The Ministry of Education already knows it has extra cash – lots of it – courtesy of the salaries that teachers and others gave up to make a point. Unfortunately many the items schools most urgently need cannot be paid for with this money. The one-time nature of the money coupled with the short timeframe means that it cannot be used for seismic upgrades, new playgrounds, or salaries for any of the people that are in short supply, e.g., teacher-librarians, special education assistants, and playground supervisors.

So how will the money be used? The intent is that most of it will go to textbooks, learning materials, computers and library books. These are very necessary and very expensive. In fact, pent-up demand from more than 12 years of budget constraint could easily absorb many more millions in spending.

But is throwing one-time, short-term money at schools really a good way to run a healthy school system? Most would say, and I would be forced to agree, that having this money is better than not having it. But are they also saying that schools only get money to buy books when there is unexpected cash available? What happened to long-term, stable funding that allows schools to purchase new textbooks and other resources in an orderly and predictable manner? Teachers should not have to strike in order for students to have books. Our students deserve better.

BC Society for Public Education

Teachers’ Strike ‘Savings’ Distributed

From the Globe and Mail.

VANCOUVER — B.C. public schools and school districts combined will get $100 a student as part of the province’s distribution of the $126 million it saved during the teachers’ illegal (sic) strike in October.Of that money, Education Minister Shirley Bond said yesterday, $56 million will go to schools and school districts, with a one-time funding of $50 a student going to each.

The province will also give 34 of its 93 school districts $2-million to make up for lost school days with extra instructional time.
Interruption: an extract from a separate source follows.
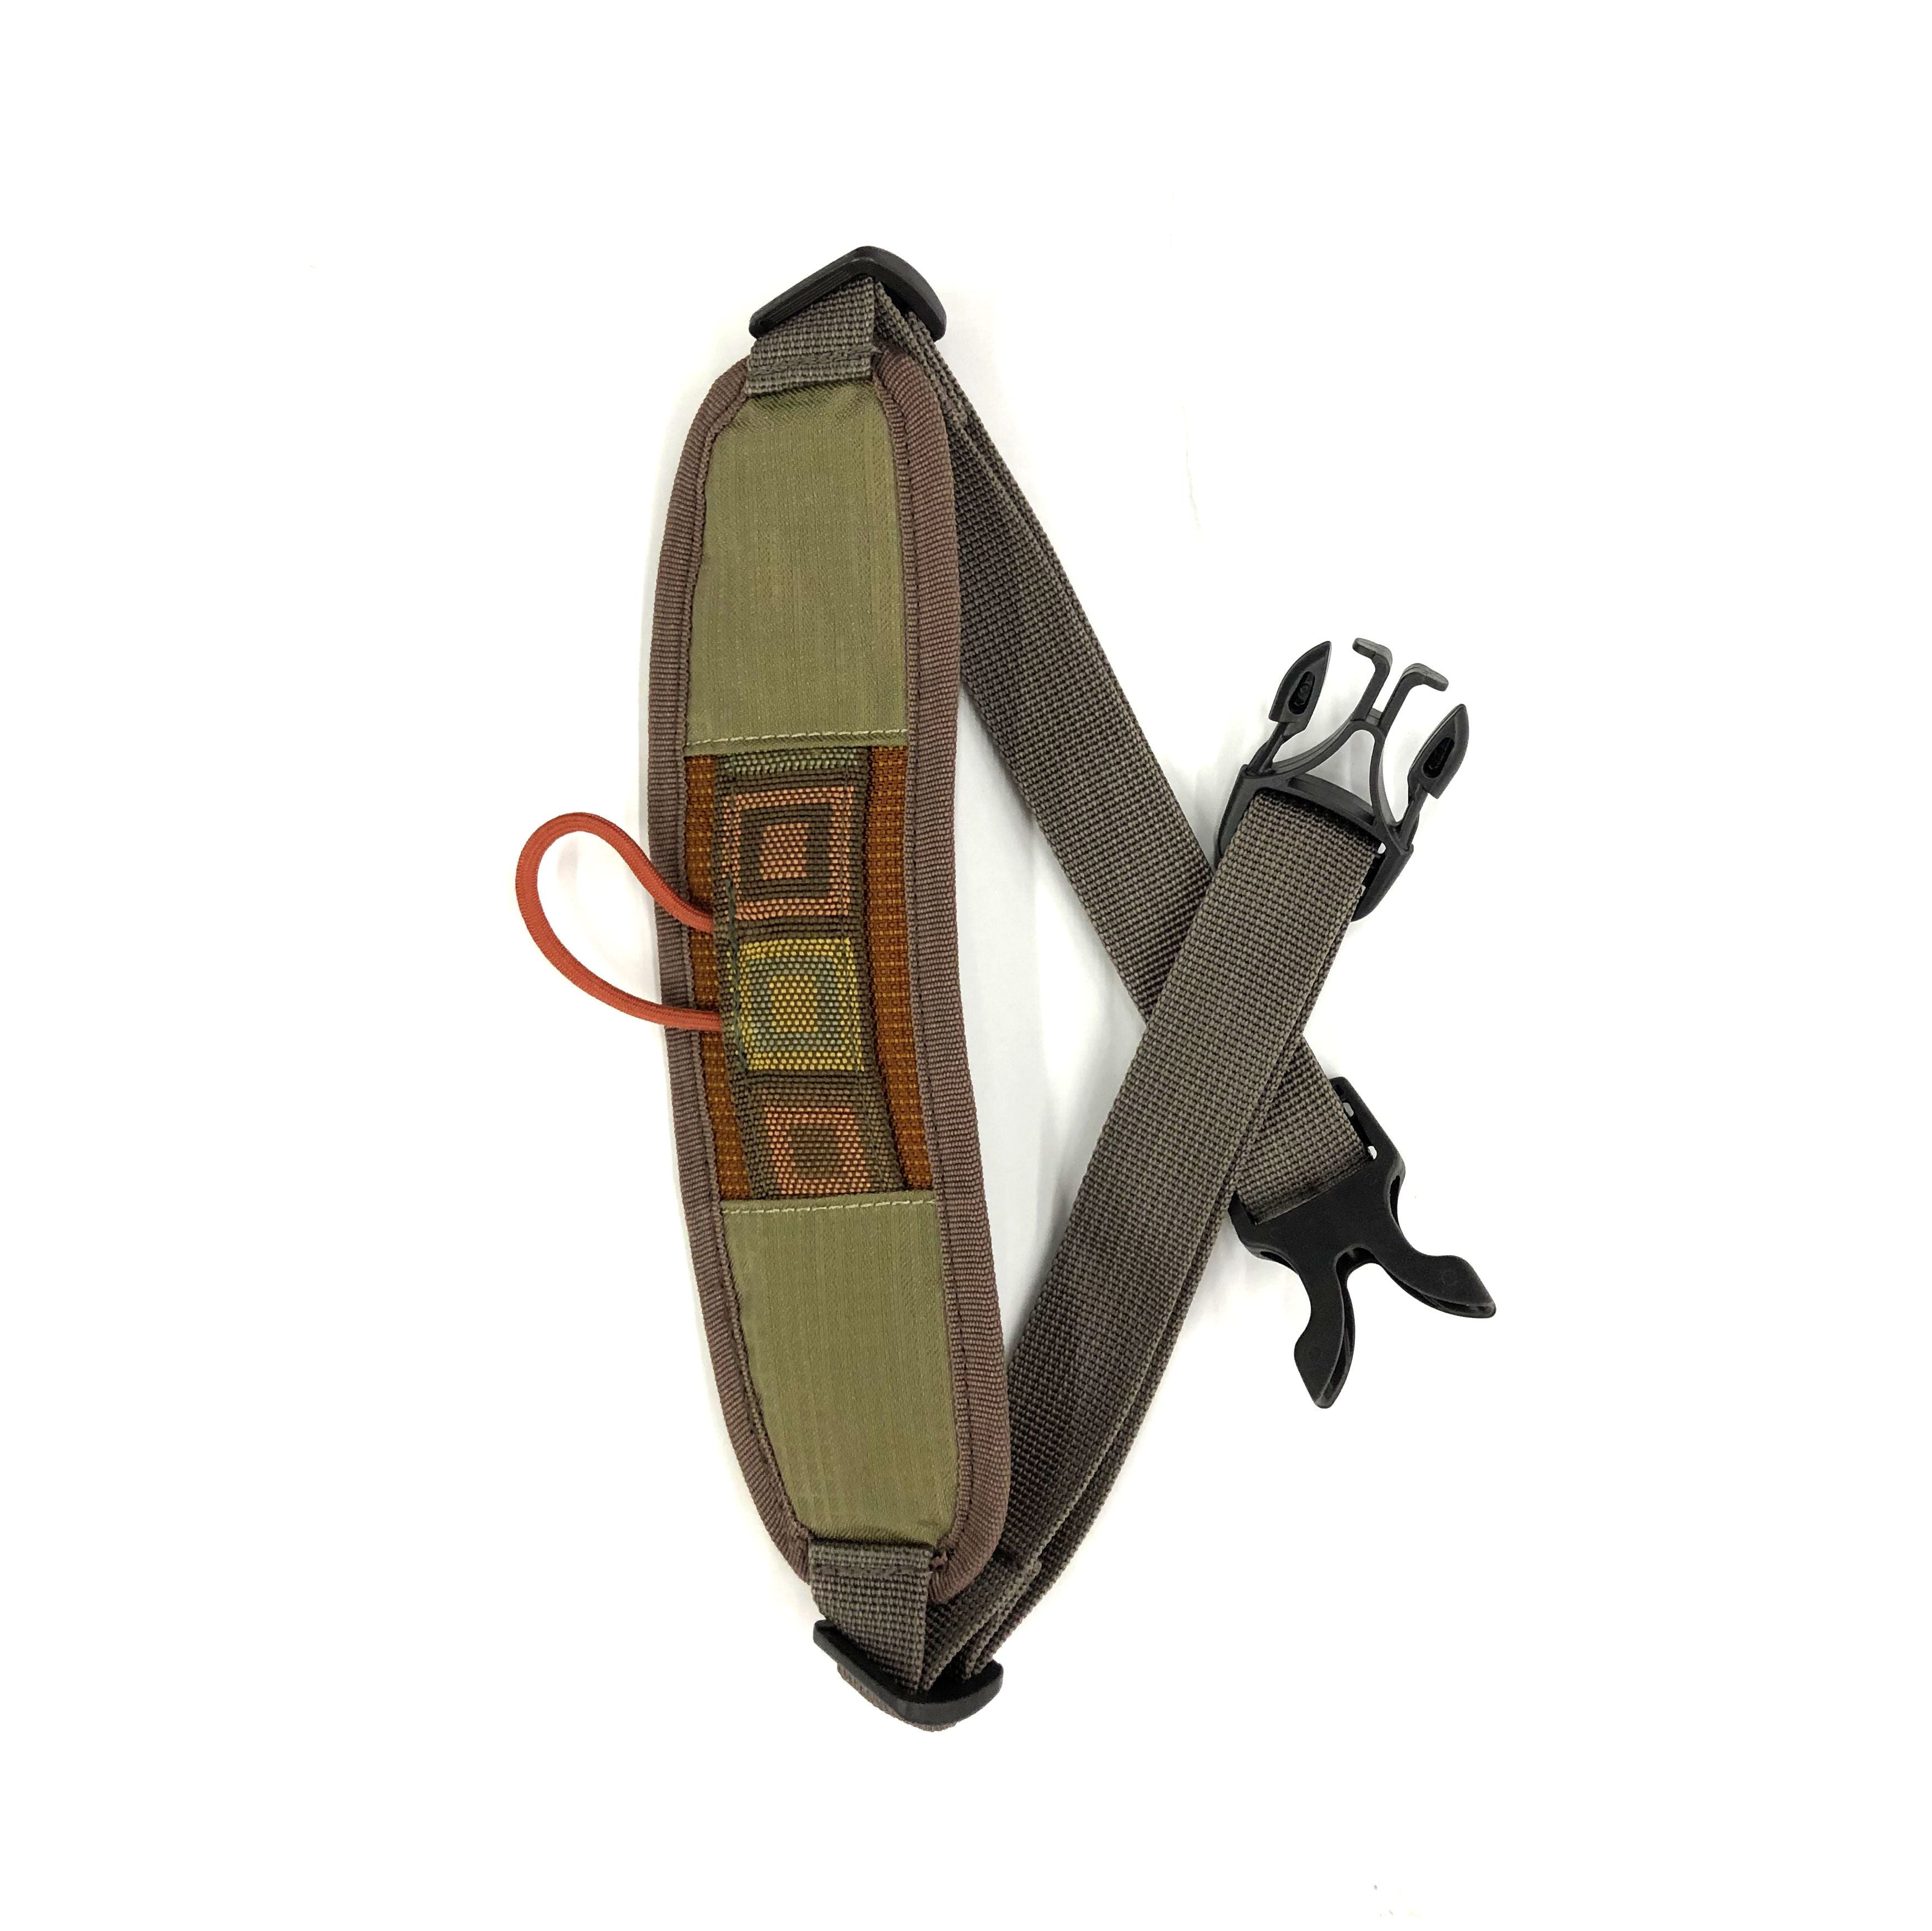 Fishpond Arroyo Fly Fishing Chest Pack - sporting goods - by owner - sale -  craigslist

The 34 districts had earlier asked for additional money to fund instruction during evenings, on Saturdays and on other days when school is not normally in session to make up for lessons lost during the strike.

The balance of the money saved will be dispersed, with $20-million going toward reducing class sizes, $40-million to the B.C. Teachers’ Federation’s long-term disability trust, and the remaining $8-million to fund programs such as the rural-schools strategy and the healthy-schools program.

The funding from the province means an additional $13,000 for Central Coast School District 49, one of the smallest in the province.

Superintendent Jerry Smit said the money will likely go toward augmenting existing resources.

“It isn’t a lot of money for our district, but any money helps,” Mr. Smit said yesterday. “The ministry has financed this small district relatively well despite our declining enrolment.”

The school district’s budget is $5.2-million and it’s responsible for just under 400 pupils in five schools, with three in the Bella Coola Valley and two on the more remote outer coast.

The first priority for districts in spending their $50 a student is textbooks and learning resources, while schools can decide their priorities for the $50 a head through consultation with staff, parents and school planning councils.

The strike cost students nine classroom days when the province’s 38,000 teachers walked out after the province imposed another two- year wage freeze.

The B.C. Supreme Court had ruled the strike illegal and fined the union $500,000 for ignoring a labour relations board ruling and court order telling them to return to the classrooms. Teachers eventually voted in favour of returning after mediator Vince Ready stepped in.

B.C. Teachers’ Federation president Jinny Sims said the province should have given more money to schools. But she is pleased to see direct spending go to the districts and schools.

Schools and districts must submit their plans on how they’ll spend the money by Jan. 10, 2006.